WHAT YOU WILL DO
Leaving out every picture, copy the lines of the material below exactly, from the line containing "Colin Baxter 2023 Scotland Panorama Calendar" through the line containing "Aiwa CDC-X3170, CDC-X4170 Service Manual".

SOURCE MATERIAL
^^^^^^^^^^^^^^^^
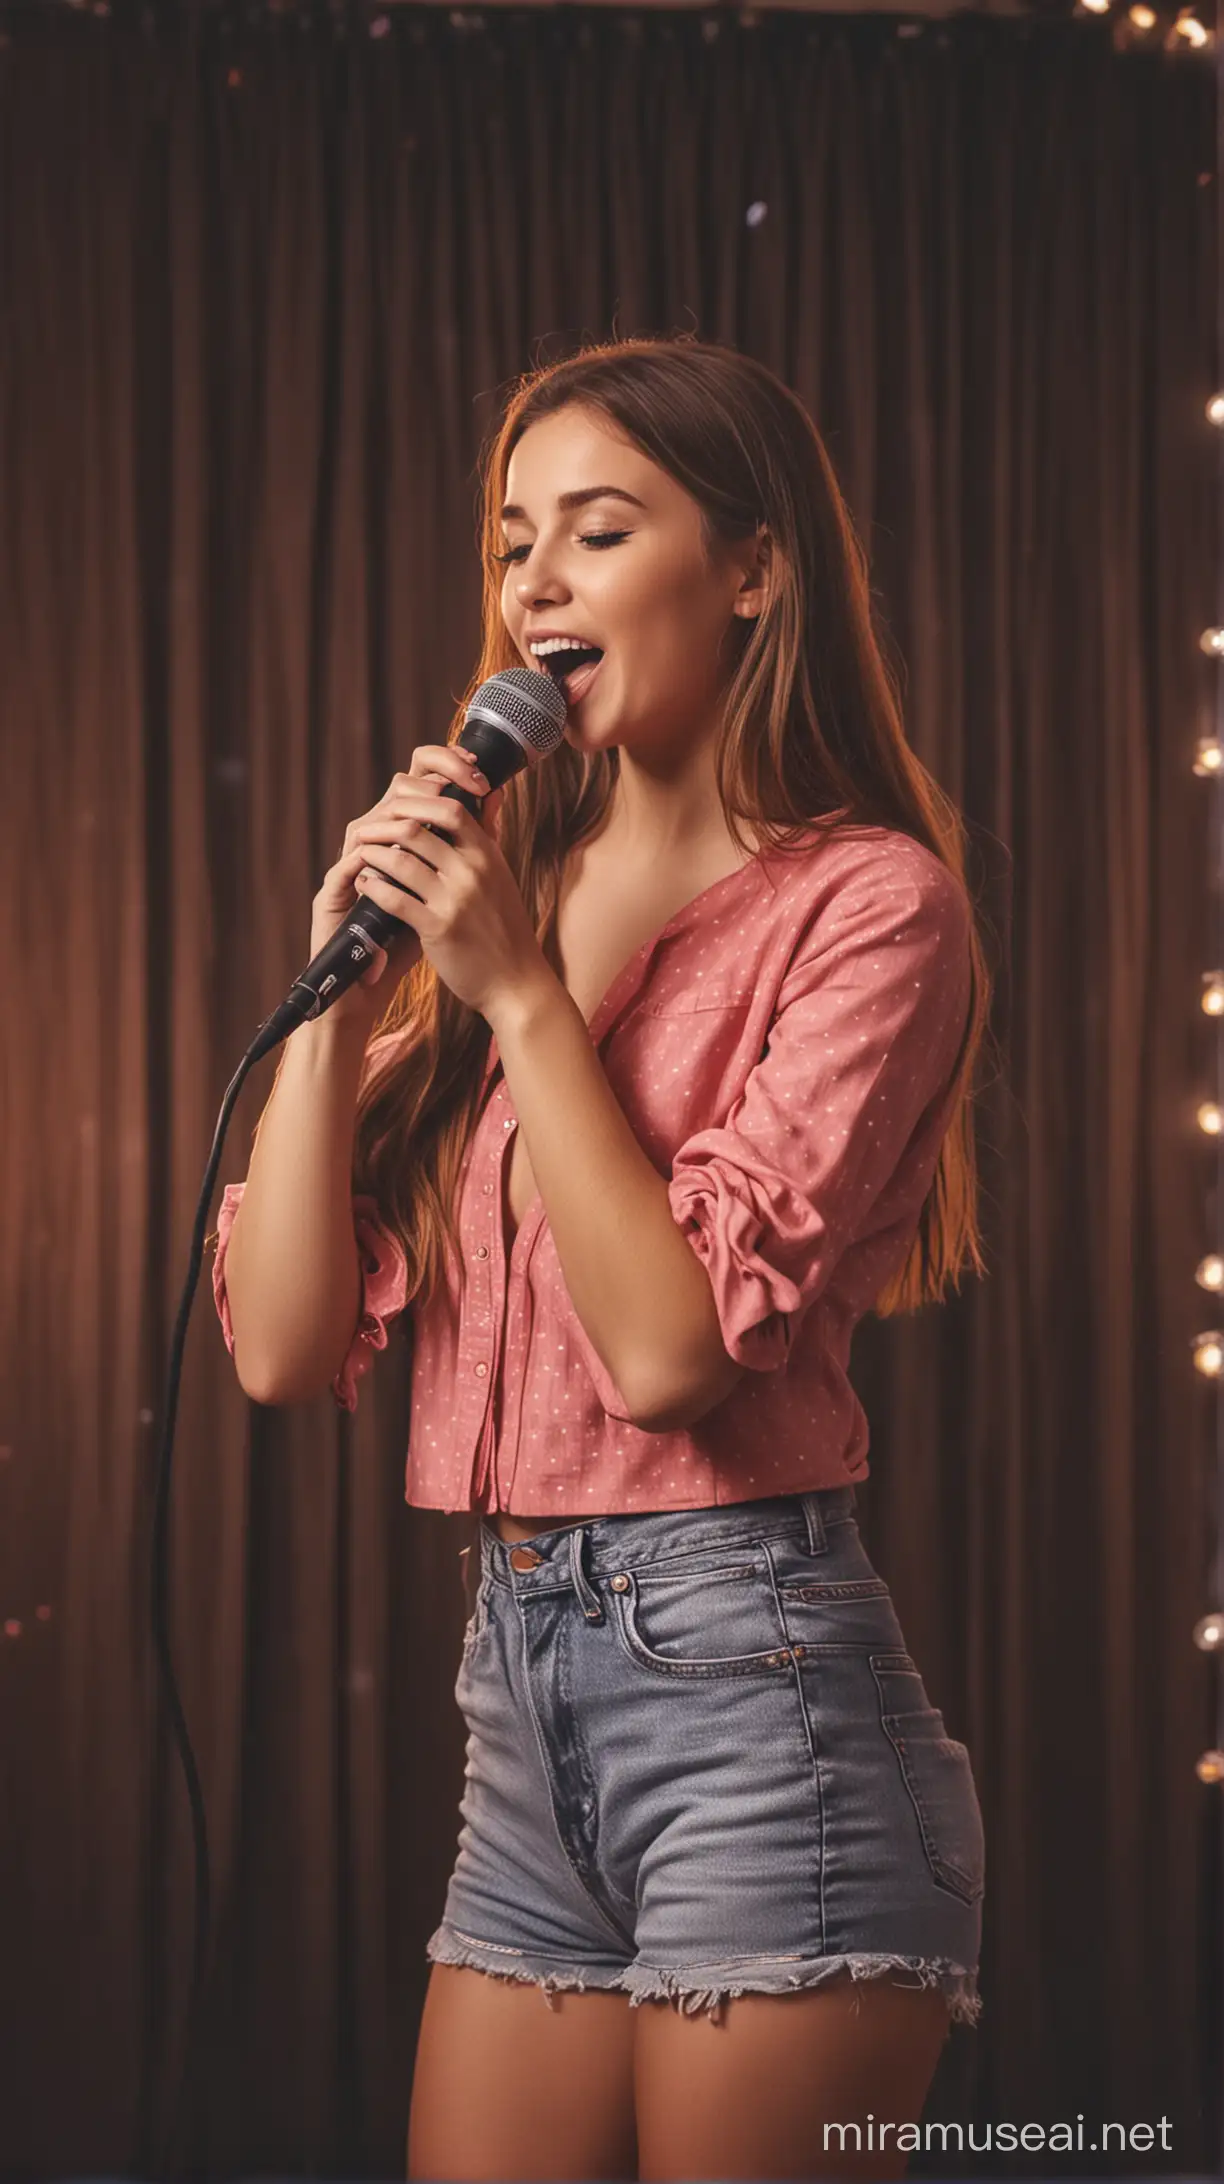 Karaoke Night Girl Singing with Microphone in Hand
^^^^^^^^^^^^^^^^
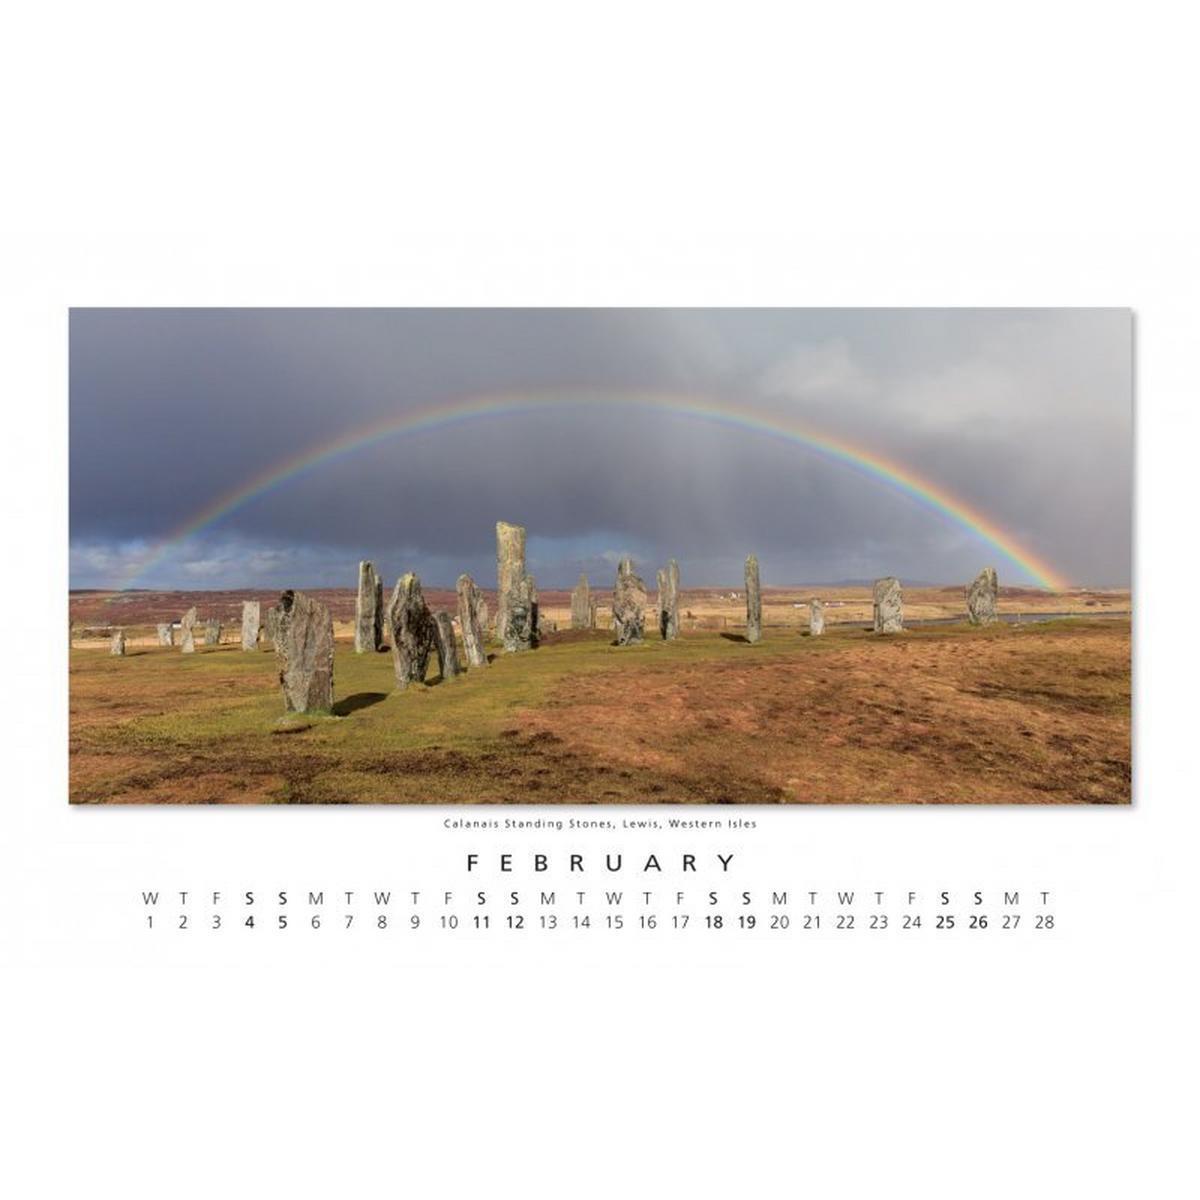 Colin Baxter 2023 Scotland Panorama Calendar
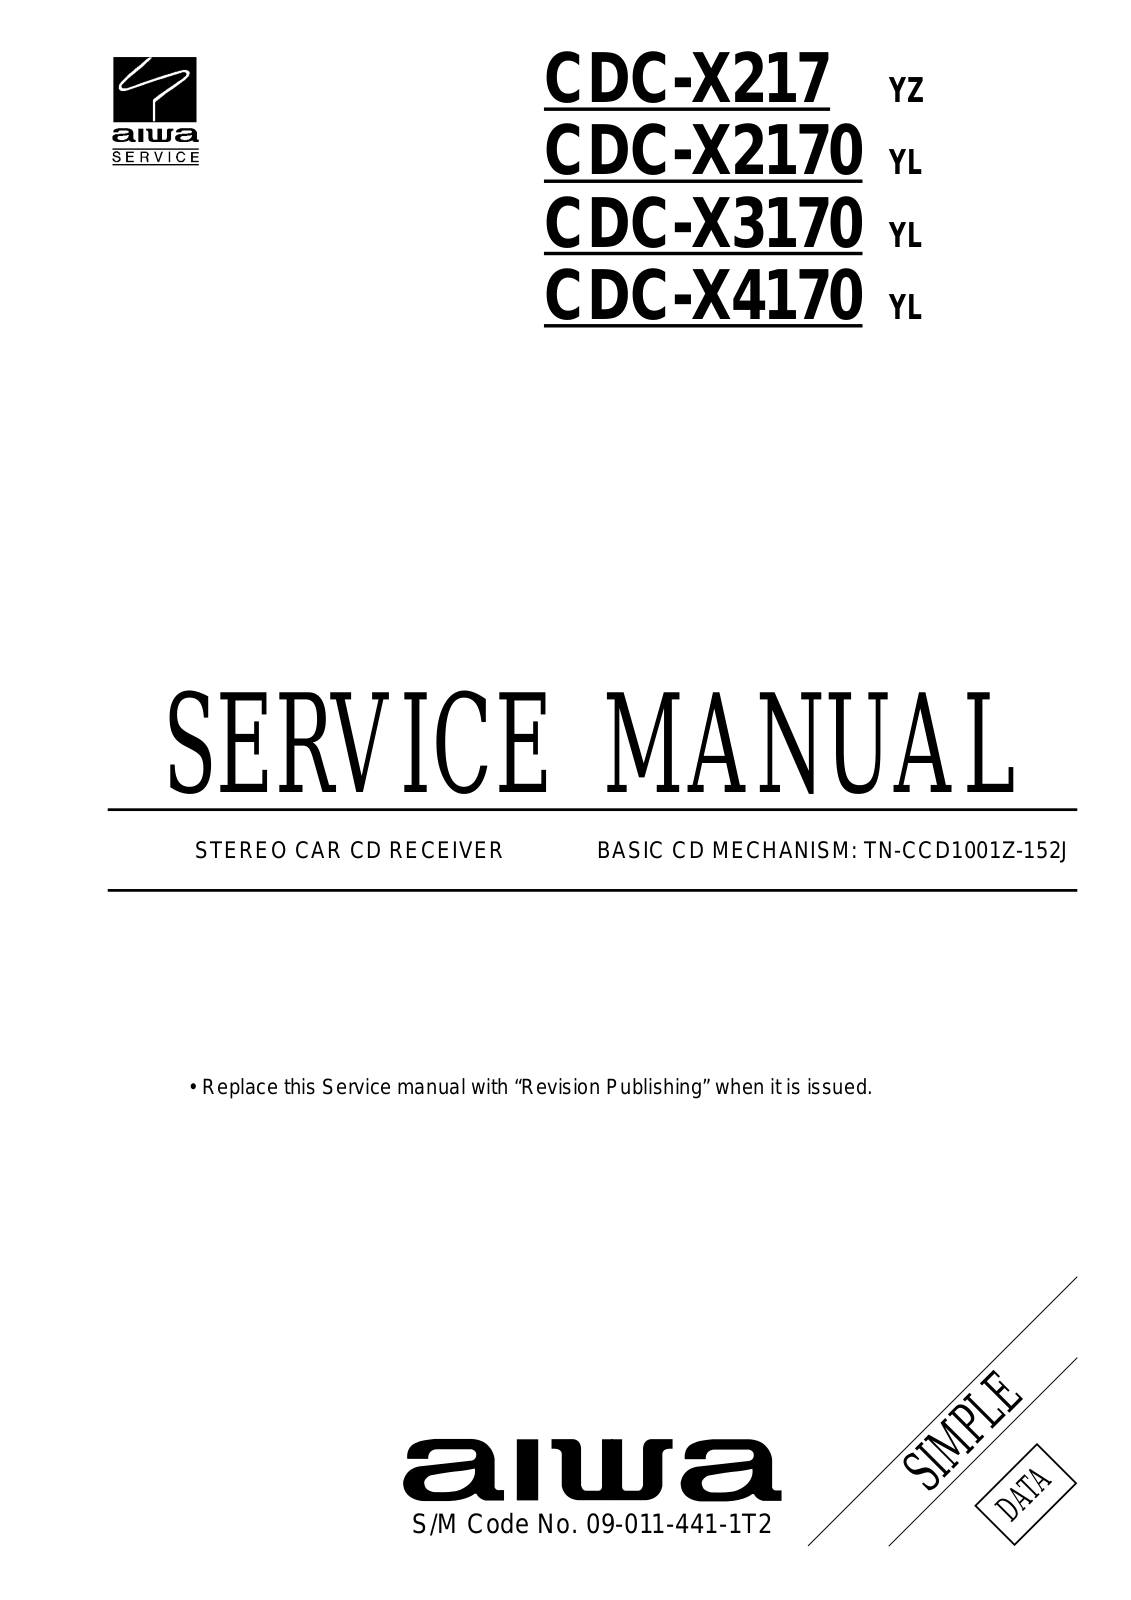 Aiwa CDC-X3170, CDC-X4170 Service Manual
^^^^^^^^^^^^^^^^
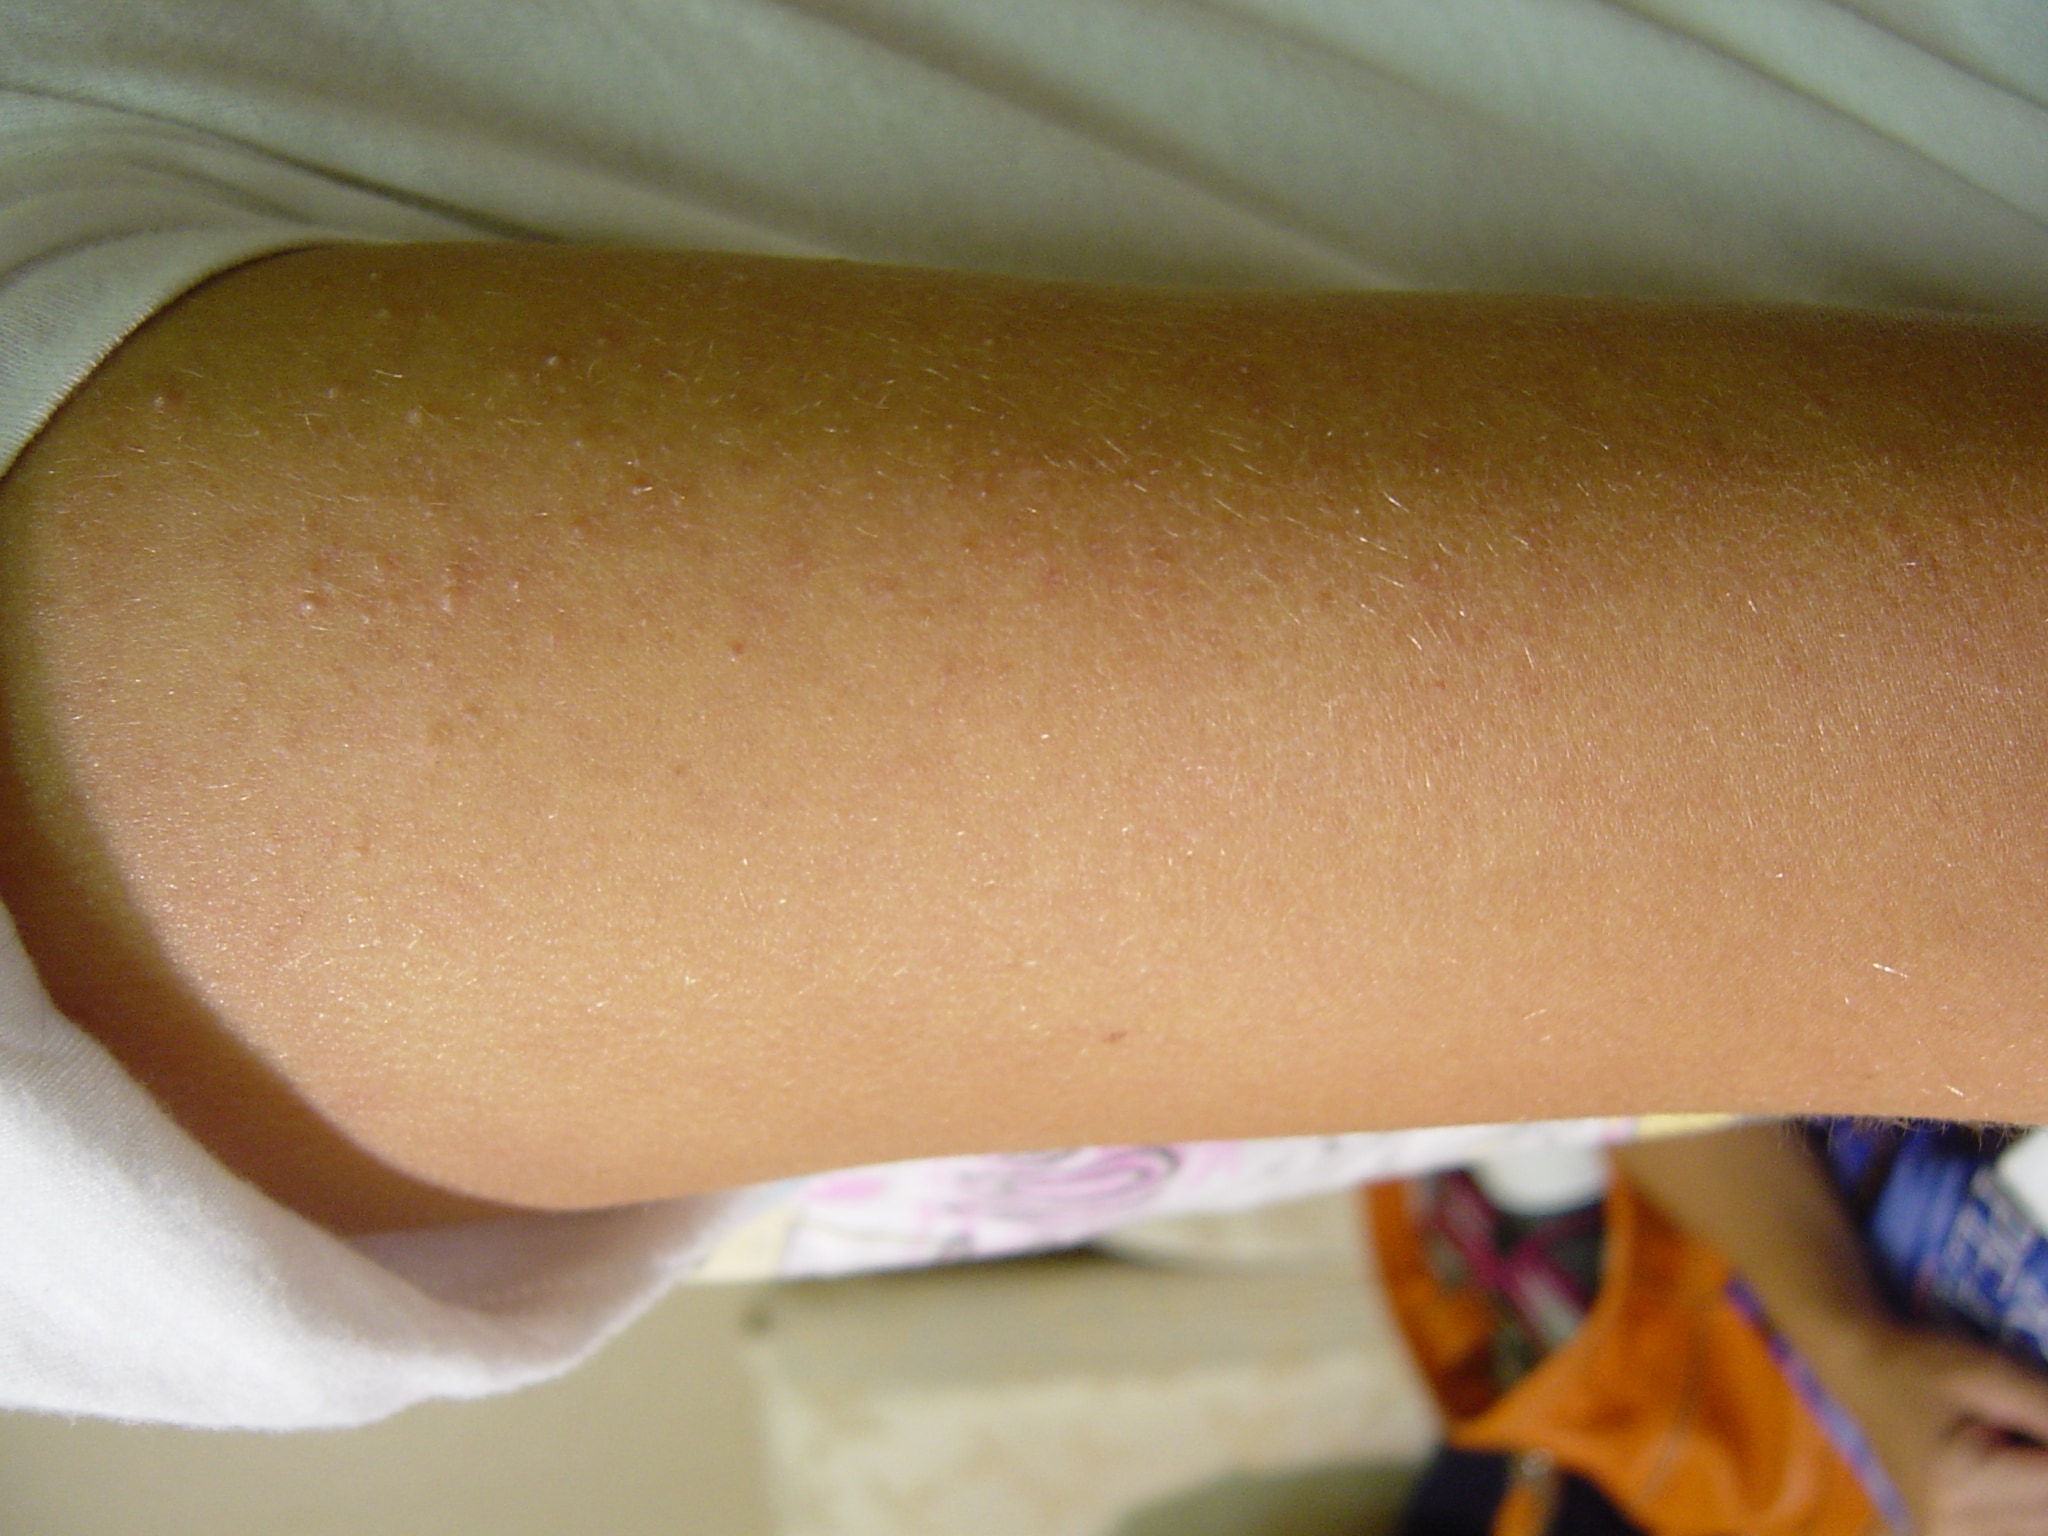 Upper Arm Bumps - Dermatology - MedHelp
^^^^^^^^^^^^^^^^
RESULT OF THIS EXERCISE
 Colin Baxter 2023 Scotland Panorama Calendar
 Aiwa CDC-X3170, CDC-X4170 Service Manual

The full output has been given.